Research on human gait as a biometric for identification has received a lot of attention due to the apparent advantage that it can be applied discreetly on the observed individuals without needing their cooperation. Because of this, the automation of video surveillance is one of the most active topics in Computer Vision. Some of the interesting applications are, among others, access control, human-machine interface, crowd flux statistics, or detection of anomalous behaviours [1].

Most current gait recognition methods require gait sequences captured from a single view, namely, from the side view or from the front view of a walking person [29]. Hence, there are many existing databases which capture the gait sequences from a single view. However, new challenges in the topic of gait recognition, such as achieving the independence from the camera point of view, usually require multi-view datasets. In fact, articles related to multi-view and cross-view gait recognition have been increasingly published [1016].

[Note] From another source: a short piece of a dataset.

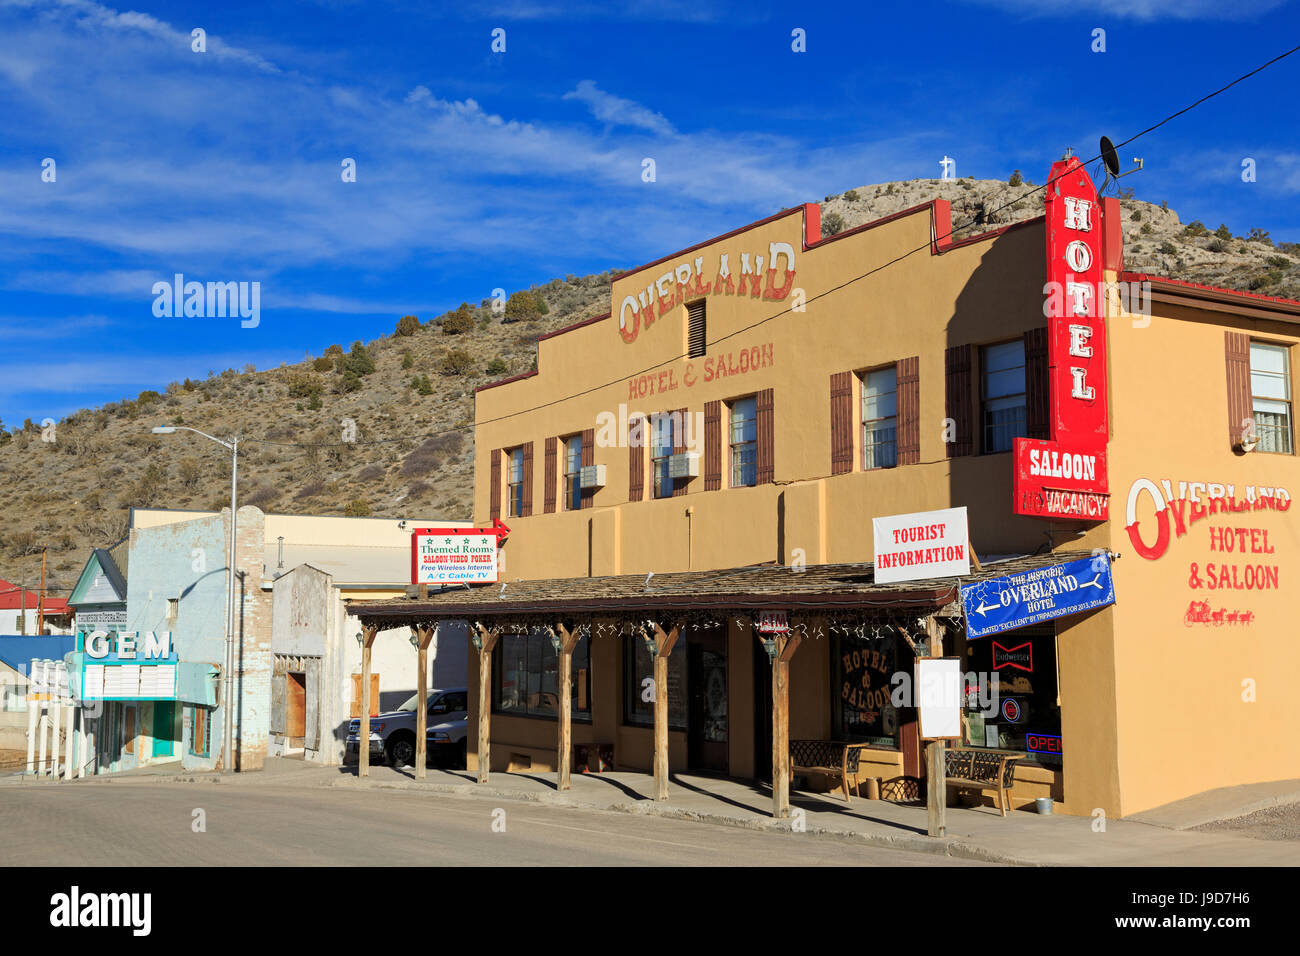 Overland-Hotel und Saloon, Pioche, Nevada, USA, Nordamerika Stockfoto

First, some of the existing multi-view current datasets were recorded in controlled conditions, and in some cases, they made use of a treadmill [1719]. An inherent problem associated with walking on a treadmill is that the human gait is not as natural as it should be, the gait speed is usually constant, and the subjects cannot turn right or left. They are not representative of human gait in a real world. Secondly, for other multi-view datasets, calibration information is not provided, e.g. [20]. Some of the gait recognition methodologies require camera calibration to deal with 3D information.

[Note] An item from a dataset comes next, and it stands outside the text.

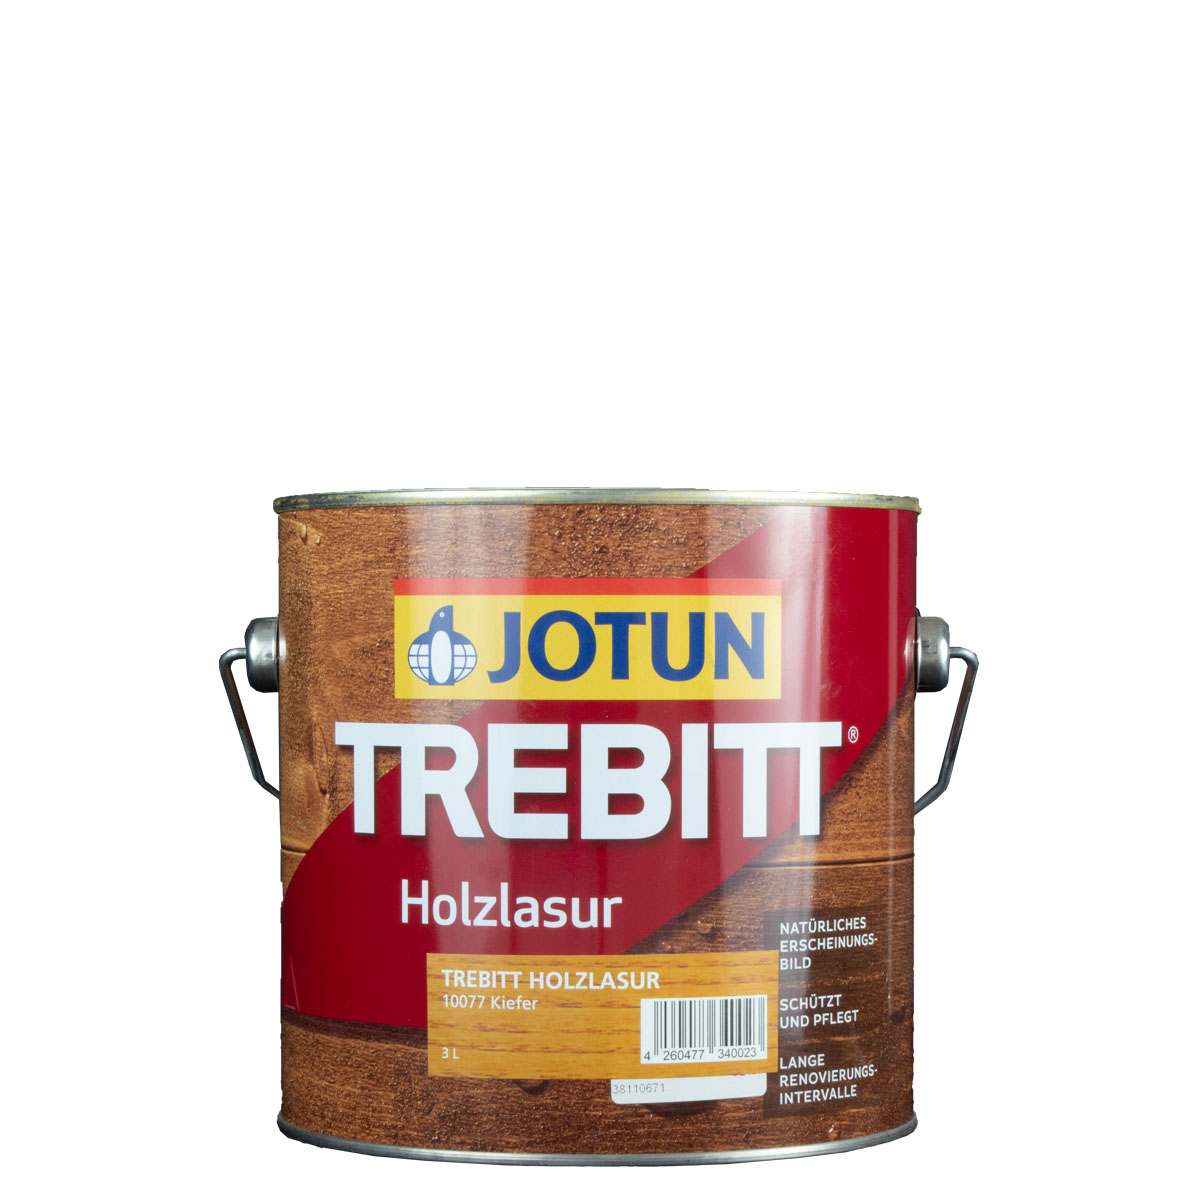 Jotun Trebitt 3L teak 623, Holzschutzlasur

In addition, there are not many multi-view datasets specifically designed for gait. Some of them are designed for action recognition, and therefore they do not contain gait sequences of enough length as to contain several gait cycles, because gait is a subset of them.

For this reason, we have created a new indoor dataset to test gait recognition algorithms. This dataset can be applied in workspaces where subjects cannot show the face or use the fingerprint, and even they have to wear special clothing, e.g. a laboratory. Furthermore, in this dataset people appear walking along both straight and curved paths, which makes this dataset suitable to test methods like [10]. The cameras have been calibrated and the methods based on 3D information can use this dataset to test. The dataset is free only for research purposes.

This paper is organized as follows. Section 2 describes current datasets for gait recognition. Section 3 describes the AVA Multi-View Dataset for Gait Recognition (AVAMVG). Section 4 shows several application examples carried out to validate our database. Finally, we conclude this paper in Sect. 5.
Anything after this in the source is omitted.